Liquid Chromatography-Tandem Mass Spectrometry (LC-MS/MS) Method for the Determination of NDMA in Ranitidine Drug Substance and Solid Dosage Drug Product
This method is a liquid chromatography-tandem mass spectrometry (LC-MS/MS) method for the determination of NDMA in ranitidine drug substance and drug product. This LC-MS method based on a triple-quad platform may be used as an alternative or confirmatory method for the liquid chromatography high resolution mass spectrometry (LC-HRMS) method. The triple-quad platform is more widely available than the LC-HRMS platform.

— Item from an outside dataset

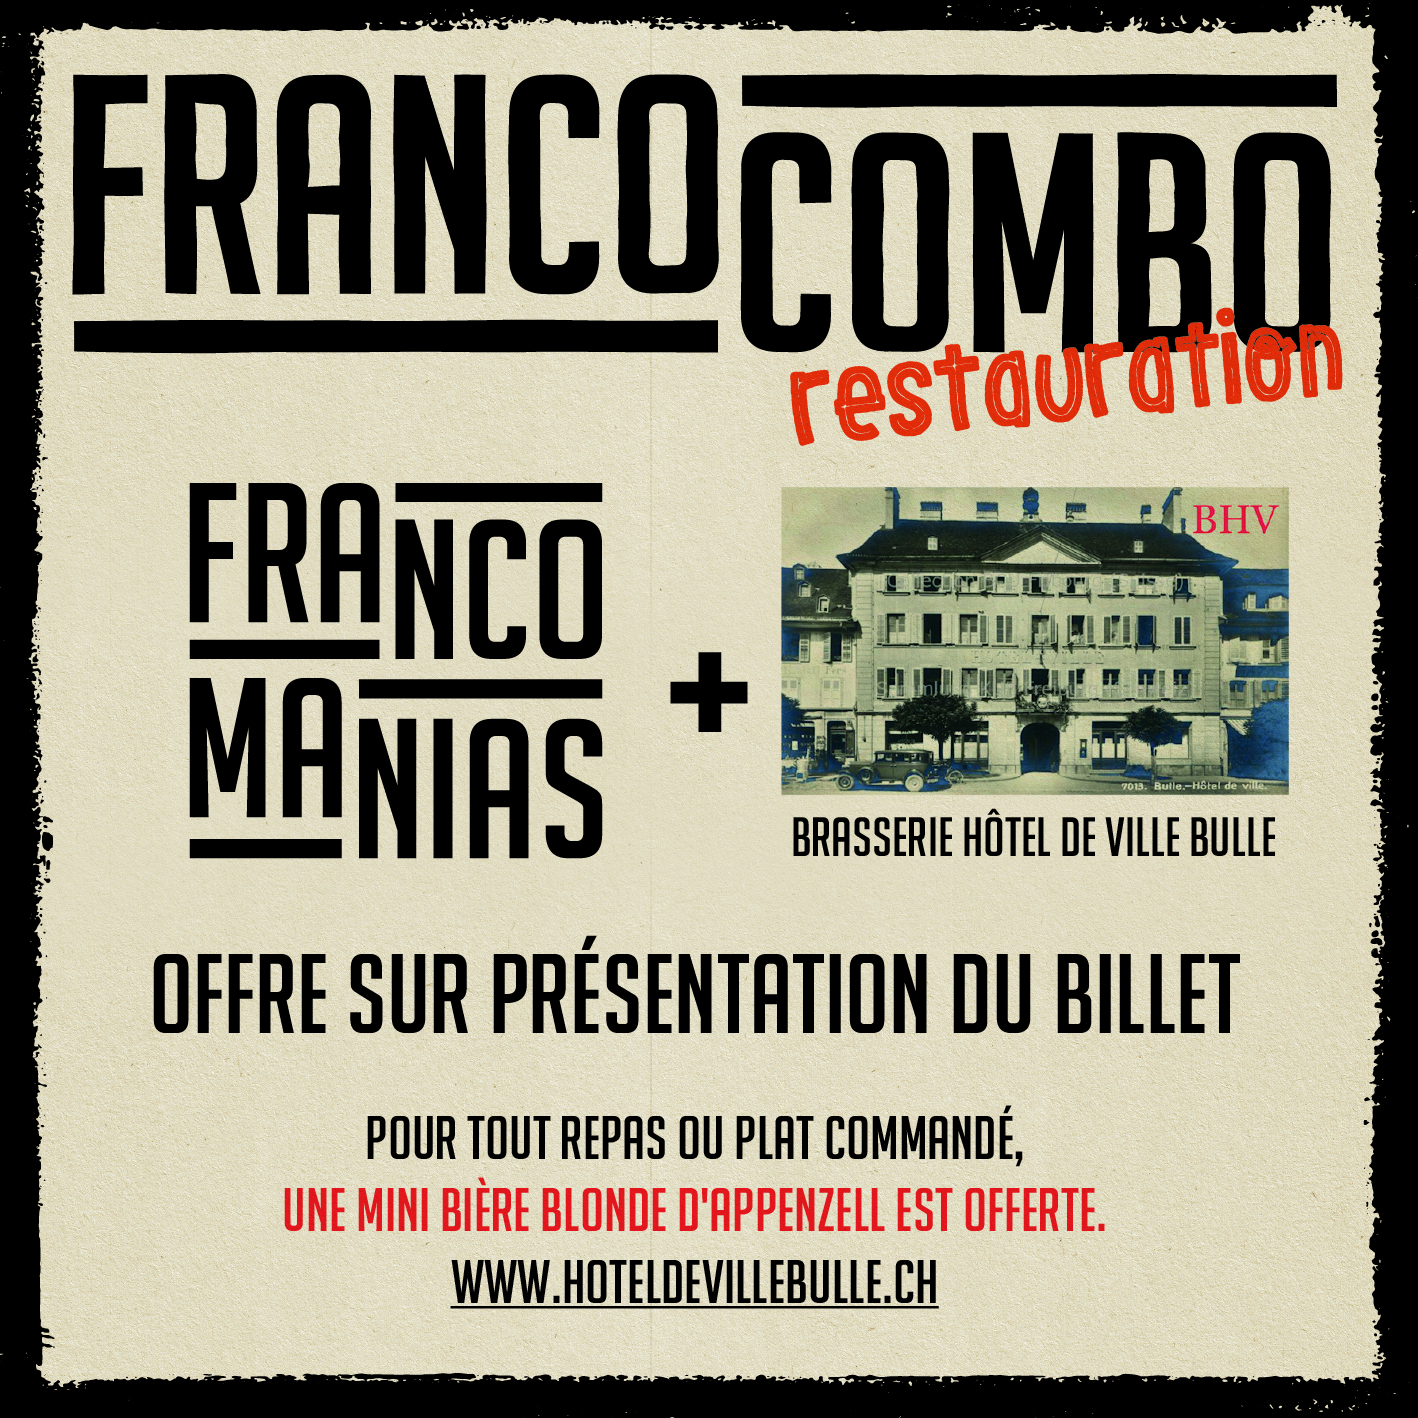 Franco'Combo Brasserie Hôtel-de-Ville Bulle

Liquid Chromatography High Resolution Mass Spectrometry (LC-HRMS) Method for the Determination of NDMA in Ranitidine Drug Substance and Drug Product
The FDA have observed that the method for testing angiotensin II receptor blockers (ARBs) for nitrosamine impurities is not suitable for testing ranitidine because heating the sample generates NDMA. A LC-HRMS method was subsequently developed by the FDA to measure the levels of NDMA in ranitidine drug substance and drug product following ICH Q2(R1), with LOD 10ng/g, lower LOQ 33ng/g and upper LOQ 3333ng/g.
Intertek's Nitrosamine Impurity Analysis Services
Our GMP analytical team are experienced in providing analytical services according to FDA GC-MS, GC-MS/MS, LC-MS/MS and LC-HRMS methods, including performing the required method validations where the data can be used to support regulatory submissions or quality assessment of the API or drug product.
With scientists who are adept at method development and validation of suitable analytical procedures, we regularly help clients overcome the challenges of low detection levels, difficult matrices and identification of unknowns in the course of pharmaceutical impurities analysis. Additionally, we offer highly sensitive and specific method development and validation expertise to assess other carcinogenic or genotoxic impurities in drug products.
In addition to experienced pharmaceutical impurity analysis, we can support with toxicological risk assessments. Our experienced consultants conduct risk assessments to address the impact associated with exposure to residual solvents, process impurities, extractables & leachables, elemental impurities (ICH Q3D) and other substances that may find their way into a given pharmaceutical product.